The data set spectra
used as example here is an
anonymised collection of mass spectra trimmed to the [2500, 13000]
m/z interval. Their m/z resolution is 30 times lower
than the original (achieved using the redResolution
function) so as to make it manageable for sharing and illustration
purposes. It consists of 4 technical replicates of 5 biological
replicates from 20 bacterial isolates. The mass spectra were originally
acquired over the [2000, 20000] Daltons mass range using the Bruker
Daltonics Ultraflex II mass spectrometer. The data set type
contains a simplified version of the associated metadata.
The following sections go through the stages to transform raw mass
spectra into formats suitable for downstream data analysis and modelling
for biological interpretation. These involve data transformation,
smoothing, baseline correction, normalisation, peak detection and peak
alignment and binning. The features of the signals depend on
technological progress and characteristics of the species under study.

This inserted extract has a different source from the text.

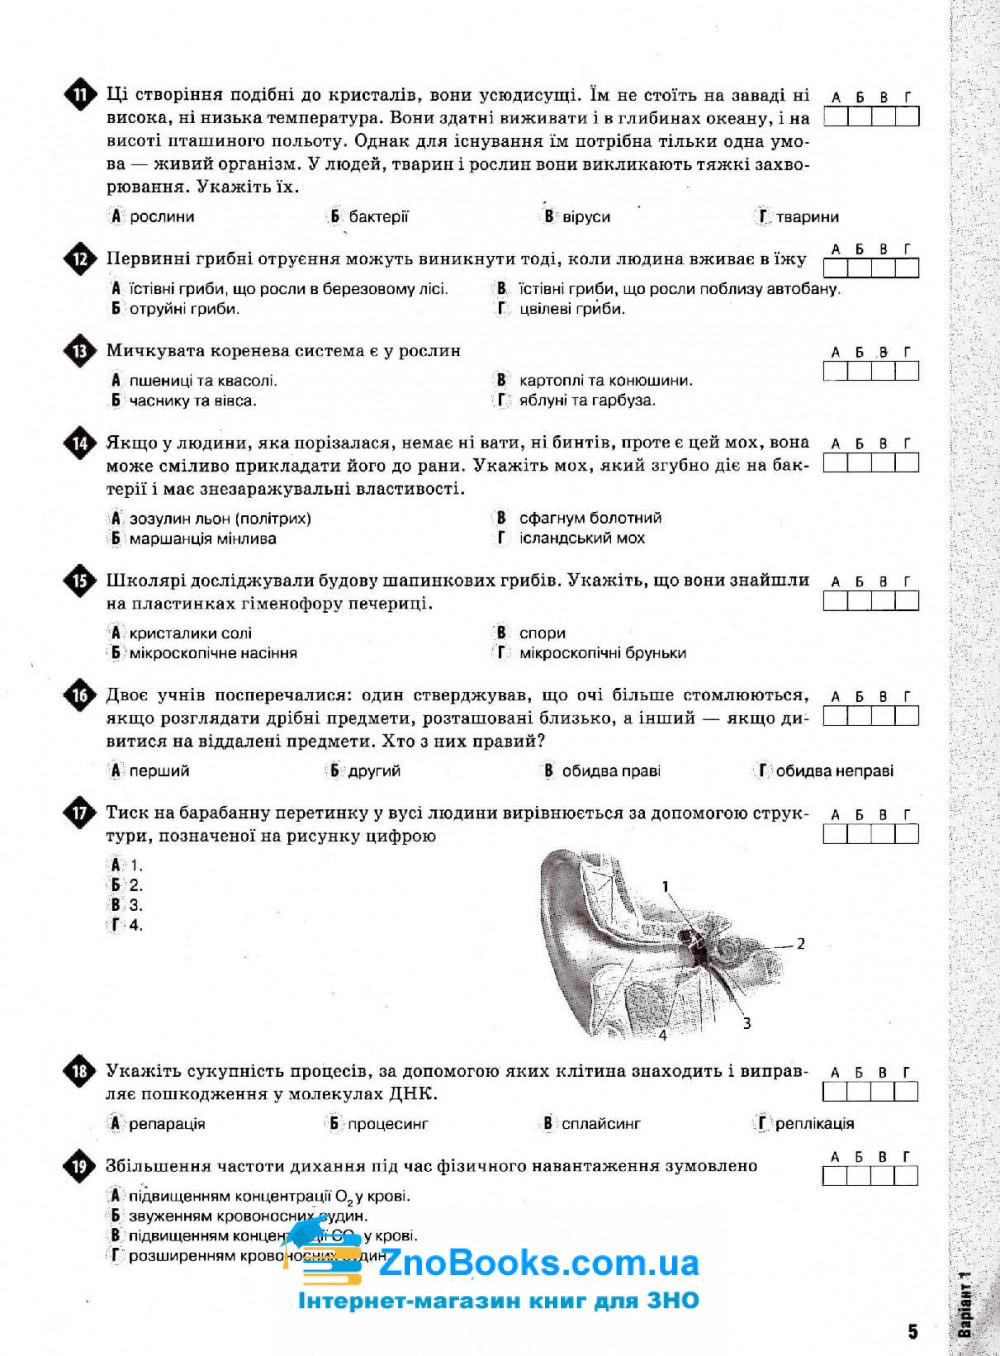 Біологія (Сліпчук). Тести до ЗНО 2020. Освіта купити 5

Unfortunately there is not a standard methodology for MS data
pre-processing best working in all cases. This document illustrates a
generic pipeline through MALDIrppa
in combination with
MALDIquant
based on robust statistical methods which
contributes to lessen the intrinsic reproducibility issues with MS data
and facilitates obtaining reliable biological conclusions (Mclean et al. 2017). However, the finest
pre-processing in a particular case might require further discussion of
choices for parameter settings and methods.
The data are included in MALDIrppa
in the own R’s
RData
binary file format. They can be loaded into the
workspace using the data
function.
Alternatively, raw data stored in text files can be easily imported
into R and given the convenient MassSpectrum
class format
using the importSpectra
function included in
MALDIrppa
. For importing data from more specialised file
formats we suggest the reader to check out the package
MALDIquantForeign
. The function summarySpectra
computes a table including some basic summary statistics. A look at
these along with some graphical representations are useful to get a
first insight into the data set and identify possible issues. The next
code shows numerical results for the first 10 signals.
## ID No.MZ Min.MZ Max.MZ Min.Int Mean.Int Std.Int Med.Int MAD.Int Max.Int
## 1 160408F21 1857 2500.05 12995.77 19 722.2649 572.9375 664 486.2928 5888
## 2 160408F22 1857 2500.05 12995.77 18 637.1357 531.1853 582 382.5108 6128
## 3 160408F23 1857 2500.05 12995.77 8 542.4976 447.7237 483 401.7846 4713
## 4 160408F24 1857 2500.05 12995.77 34 957.3430 737.8402 903 587.1096 7843
## 5 160408G01 1857 2500.05 12995.77 42 1129.8185 871.5639 1064 652.3440 7860
## 6 160408G02 1857 2500.05 12995.77 24 637.1648 530.9029 595 358.7892 5459
## 7 160408G03 1857 2500.05 12995.77 12 505.9499 442.6567 466 298.0026 5198
## 8 160408G04 1857 2500.05 12995.77 43 984.1179 754.5525 936 530.7708 7333
## 9 160408G05 1857 2500.05 12995.77 27 906.9138 686.9536 854 558.9402 6068
## 10 160408G06 1857 2500.05 12995.77 46 906.9133 689.0228 891 481.8450 7505
Pre-processing methods are not immune to low-quality mass spectra and
inadvertently letting them through can severely distort the results. For
example, when dealing with a number of data sets we observed both
clusters of spurious peaks in some cases and sparse peaks in others
which interfere with the determination of common reference peaks for
peak alignment and binning. Common low-quality mass spectra are
characterised by extremely ripply and indented profiles due to low
signal intensities. The low signal intensity causes poor peak formation
and poorly resolved peaks. Moreover, ion suppression cases show one or a
few abnormally high peaks whereas the other peptide features are pulled
down. The package MALDIrppa
helps to detect exotic signals
by a semi-automatic screening process implemented in the
screenSpectra
function. It is based on robust scale
estimators (Rousseeuw and Croux 1993) of
the derivative mass spectra and median intensities. These components are
given a weight to build an atypicality score (\(A\)) for each signal, which is then
labelled as a suspicious case (failure
) if the score falls
beyond the estimated tolerance limits (see help for
screenSpectra
for options available). The atypicality score
\(A\) is calculated as
\[A = \frac{S^{\lambda}}{(\texttt{med}+1)^{(1-\lambda)/2}},\]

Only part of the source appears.